> [The task]: Write out the following listing's lines from the one with "Unique and spectacular" to the one with "As new conditions", exactly, with both included and no others.

> [Records provided]:
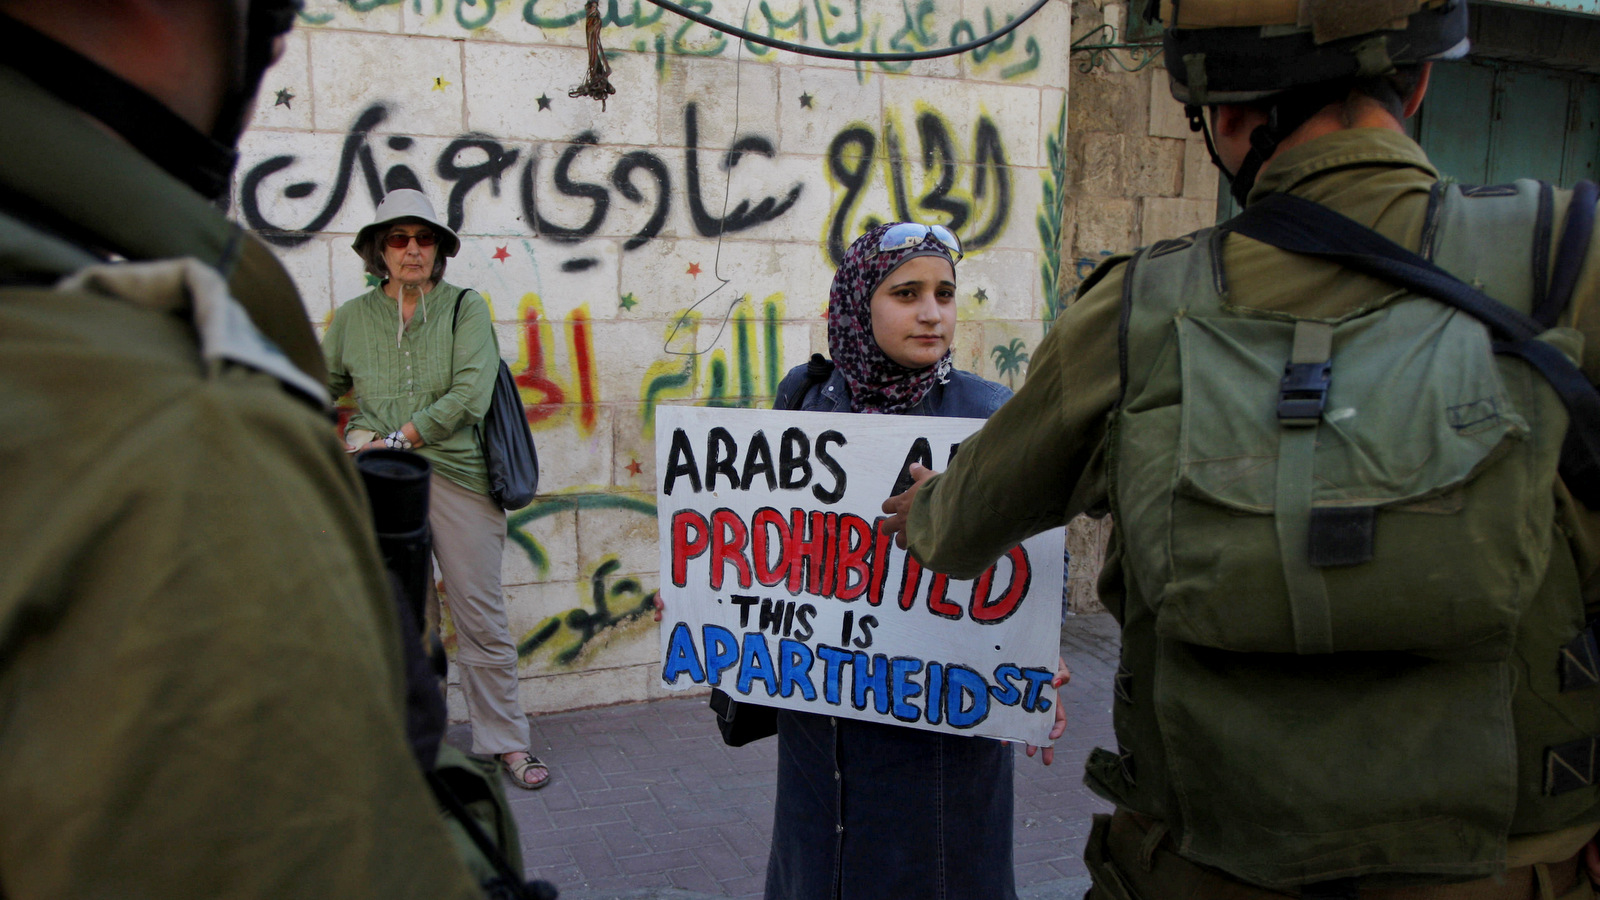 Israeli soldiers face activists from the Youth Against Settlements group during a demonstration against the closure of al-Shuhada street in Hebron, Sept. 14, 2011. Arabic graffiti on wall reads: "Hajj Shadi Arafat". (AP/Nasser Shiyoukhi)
---
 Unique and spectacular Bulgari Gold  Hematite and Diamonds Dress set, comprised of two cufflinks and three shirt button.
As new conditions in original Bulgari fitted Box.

> [Result for this exercise]:
 Unique and spectacular Bulgari Gold  Hematite and Diamonds Dress set, comprised of two cufflinks and three shirt button.
As new conditions in original Bulgari fitted Box.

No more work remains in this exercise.